The need for random forest surfaced after discovering that the bagging algorithm results in correlated trees when faced with a dataset having strong predictors. Unfortunately, averaging several highly correlated trees doesn't lead to a large reduction in variance.

But how do correlated trees emerge? Good question! Let's say a data set has a very strong predictor, along with other moderately strong predictors. In bagging, a tree grown every time would consider the very strong predictor at its root node, thereby resulting in trees similar to each other.

The main difference between random forest and bagging is that random forest considers only a subset of predictors at a split. This results in trees with different predictors at top split, thereby resulting in decorrelated trees and more reliable average output. That's why we say random forest is robust to correlated predictors.
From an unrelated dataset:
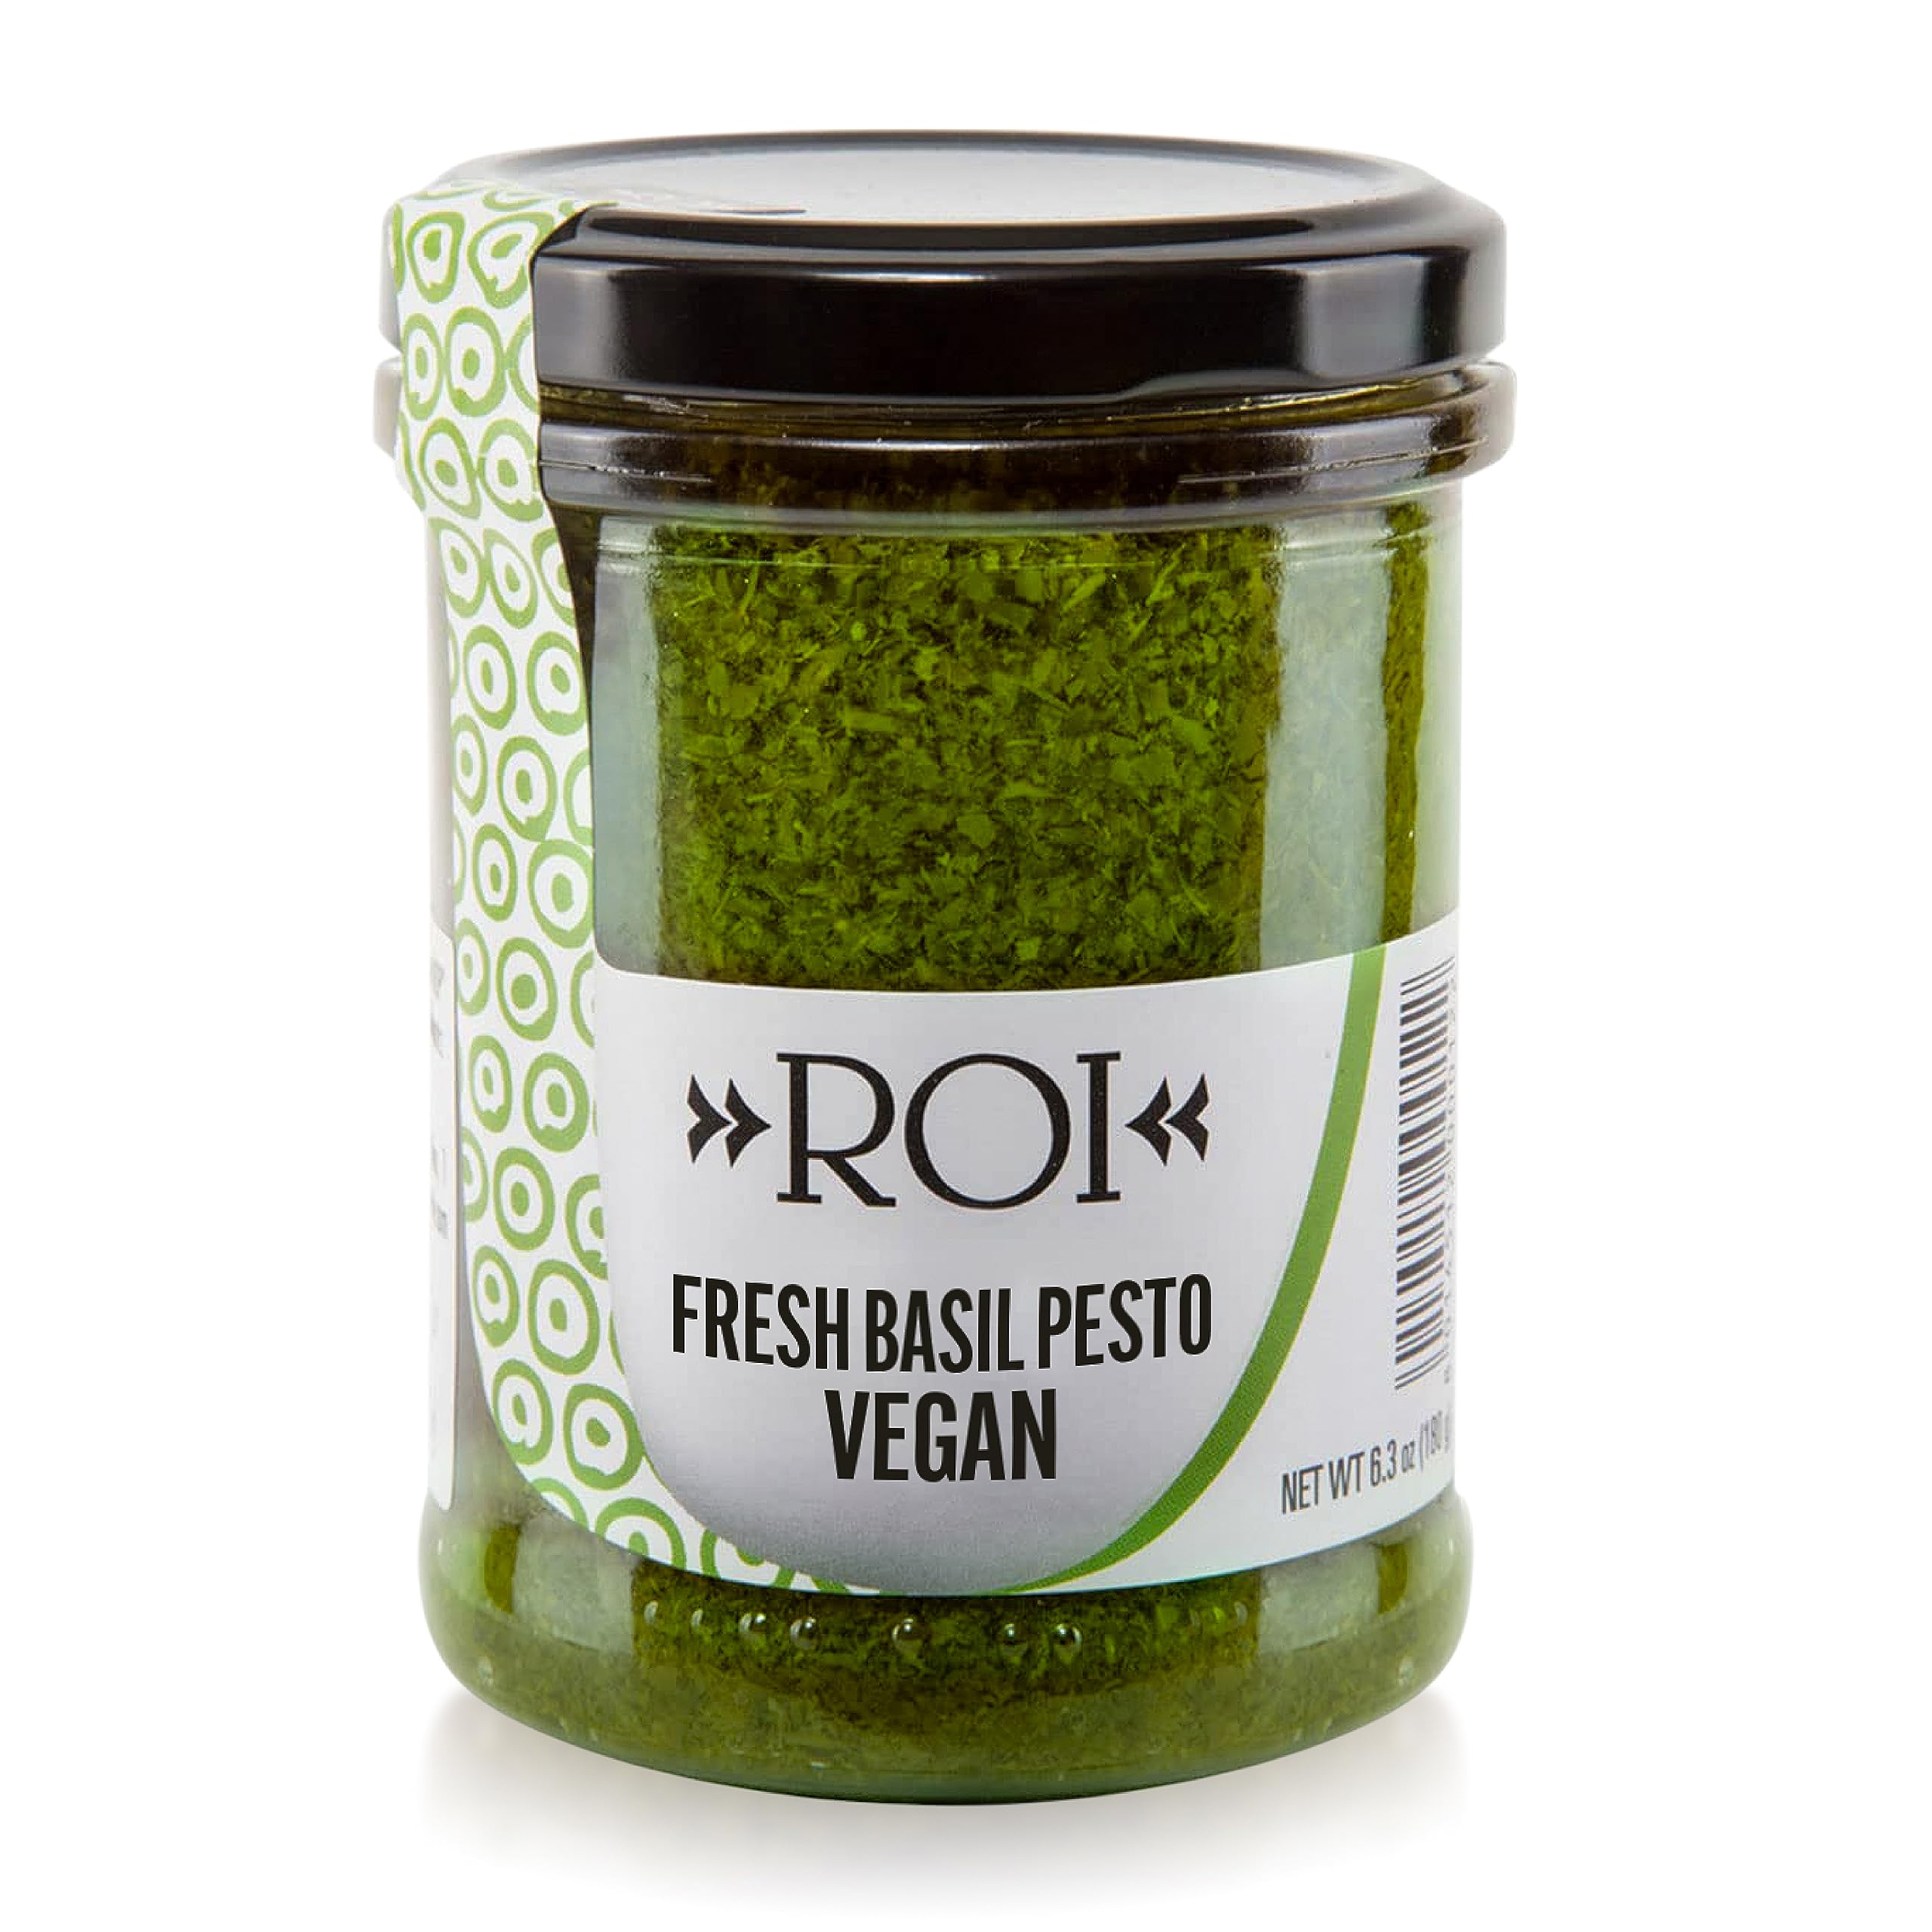 ROI's Vegan Basil Pesto

Decision stump , a decision tree classifier with depth set to one (two splits)

# DT vs RF

The first is the number of features to consider when looking for the best split at each tree node: while DT considers all the features, RF considers a random subset of them, of size equal to the parameter max_features.

The second is that, while DT considers the whole training set, a single RF tree considers only a bootstrapped sub-sample of it.

Averaging ensembles such as a RandomForestClassifier and ExtraTreesClassifier are meant to tackle the variance problems (lack of robustness with respect to small changes in the training set) of individual DecisionTreeClassifier instances.

#### to make single decisin tree using RF

```python
clf = RandomForestClassifier(n_estimators=1, max_features=None, bootstrap=False)

```

in which case neither bootstrap sampling nor random feature selection will take place, and the performance should be roughly equal to that of a single decision tree.

# RF vs ET

ERT do not resample observations when building a tree. (They do not perform bagging.)

ERT do not use the “best split.”
Like a RF, ERT select a random subset of predictors for each split. 
Instead of the “best split” for the predictors, ERT makes a small number of randomly chosen splits-points for each of the selected predictors. In the original method, this value was 1. (A tuning parameter: numRandomCuts)
ERT then selects the “best split” from this small number of choices.

Random forest that develop each decision tree from a bootstrap sample of the training dataset, the Extra Trees algorithm fits each decision tree on the whole training dataset.